To assess the condition and monitor the performance of reinforced concrete bridge decks, government agencies typically
employ and rely mostly on basic non-destructive testing (NDT) methods such as visual inspection, chain drag, and hammer
sounding. However, the accuracy and reliability of these methods rely on the inspector’s skills and experience and may
produce variable results. In addition, surveys with traditional methods might only identify advanced stages of deterioration,
such as concrete debonding or spalling. Due to the nature of such techniques, earlier stages or other forms of deterioration
(i.e., rebar corrosion, cracking, and concrete degradation) cannot be determined.
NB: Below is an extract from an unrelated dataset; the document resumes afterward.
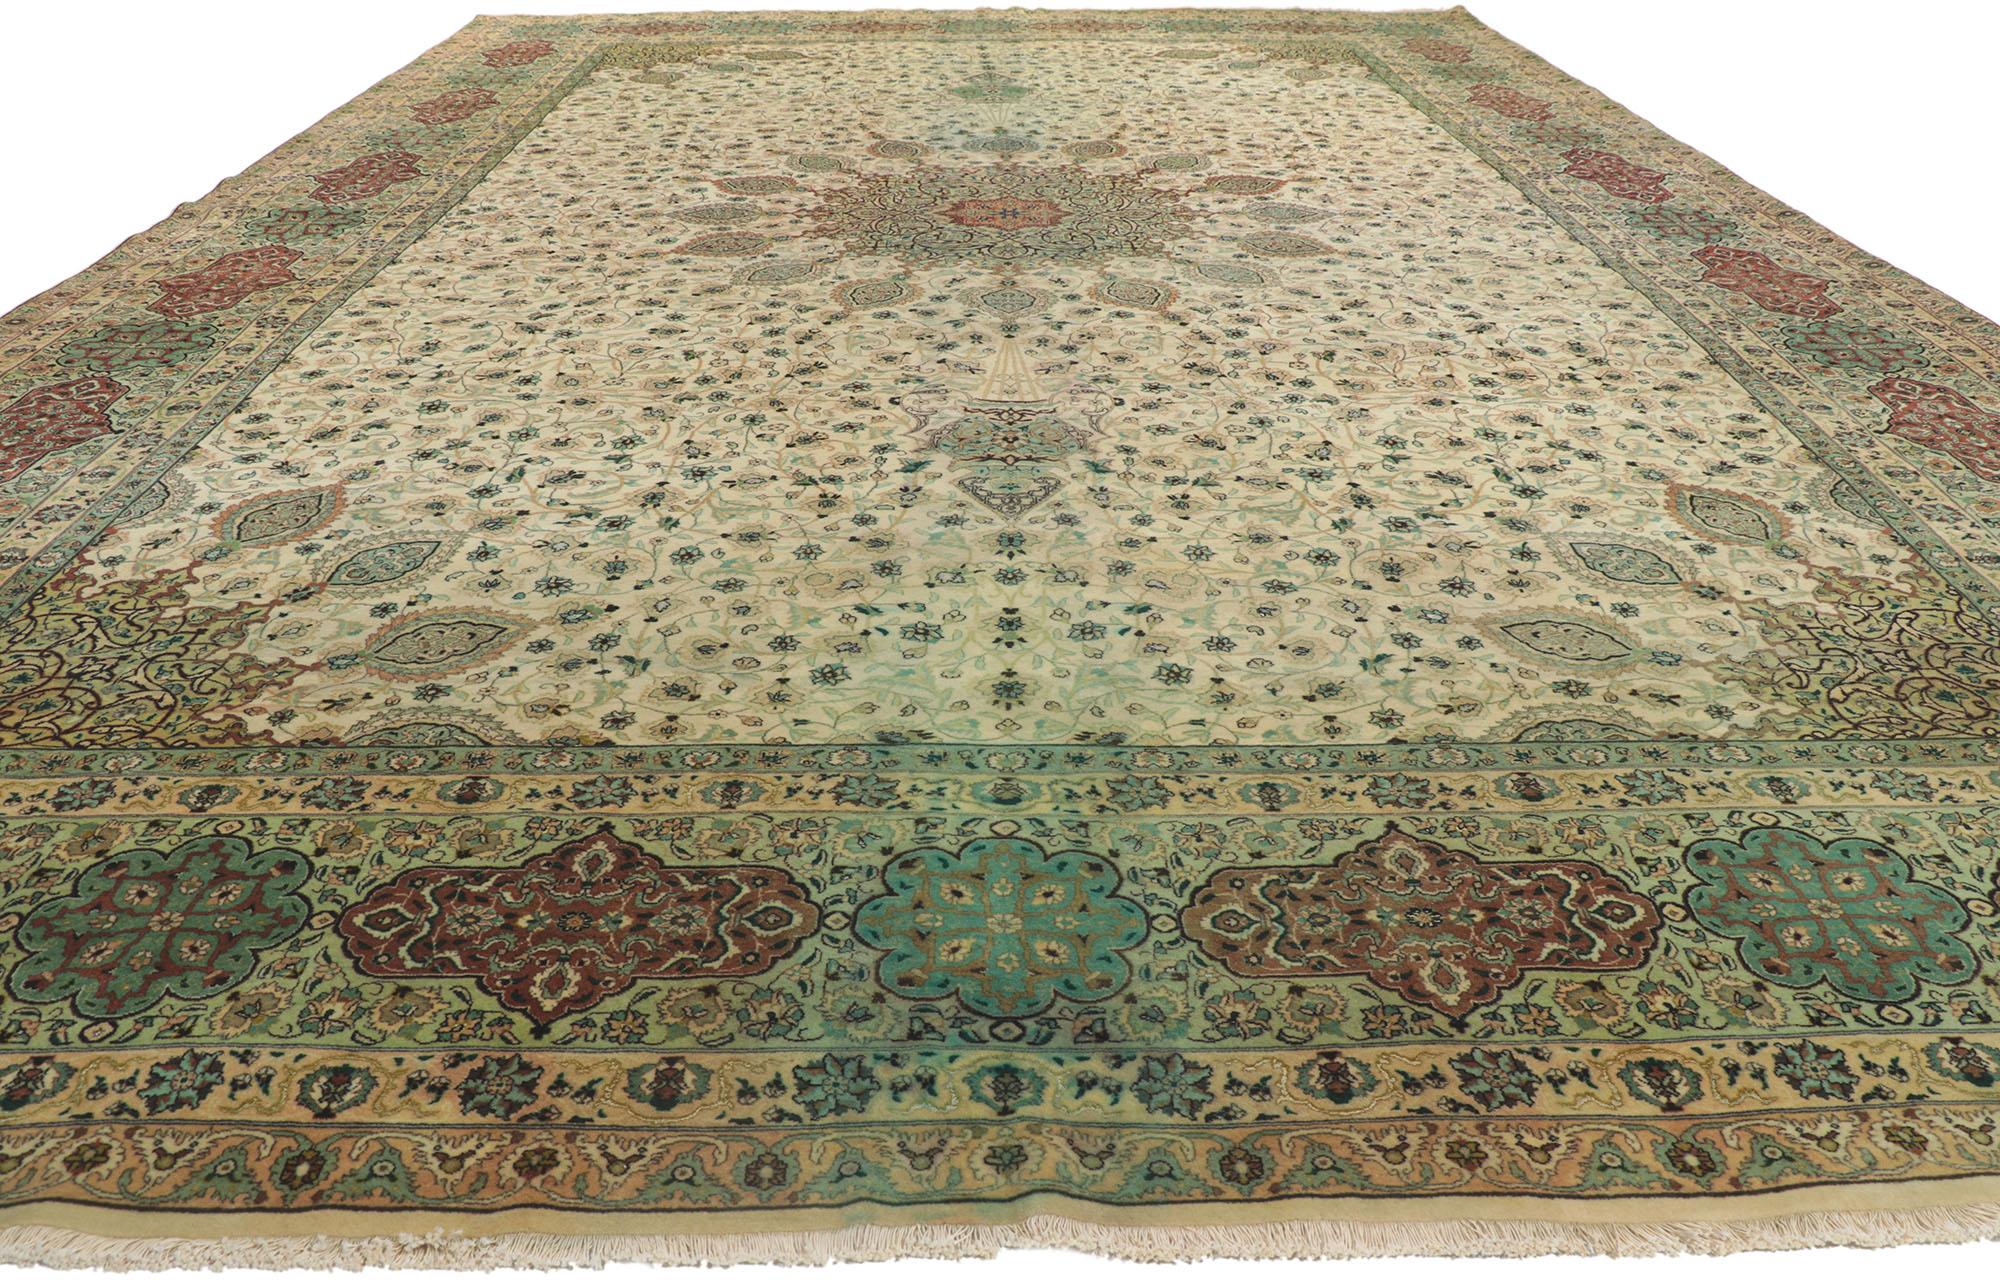 familiarity with tabriz carpet designs

Rapid and accurate NDT methods have the
potential to provide more in-depth condition assessment and performance monitoring of bridge decks while reducing dependency
on the field operators’ judgment.
The objective of this study was to identify and integrate several NDT technologies to detect and characterize deterioration of
concrete bridge decks. This study presents the results of the integration and data fusion from multiple NDTs techniques for a
comprehensive evaluation of a concrete bridge deck in Monmouth County, New Jersey. The bridge deck was investigated before
a complete rehabilitation of the deck was carried out. Acoustic, electric, electromagnetic, and visual methods were used to detect
and characterize deterioration and defects. NDT results were compared with visual inspection data (chain drag and hammer
sounding) and exhibited excellent correlation. Correlation was further confirmed after removal of the deteriorated concrete with
hydro-blasting exposing the actual areas requiring repair. It was concluded that integration of complementary NDT methods
is effective and allows for a more accurate assessment of the condition of bridge decks. A better prediction of the deterioration
progression and assessment of the rehabilitation needs is invaluable for bridge owners prior to the actual construction.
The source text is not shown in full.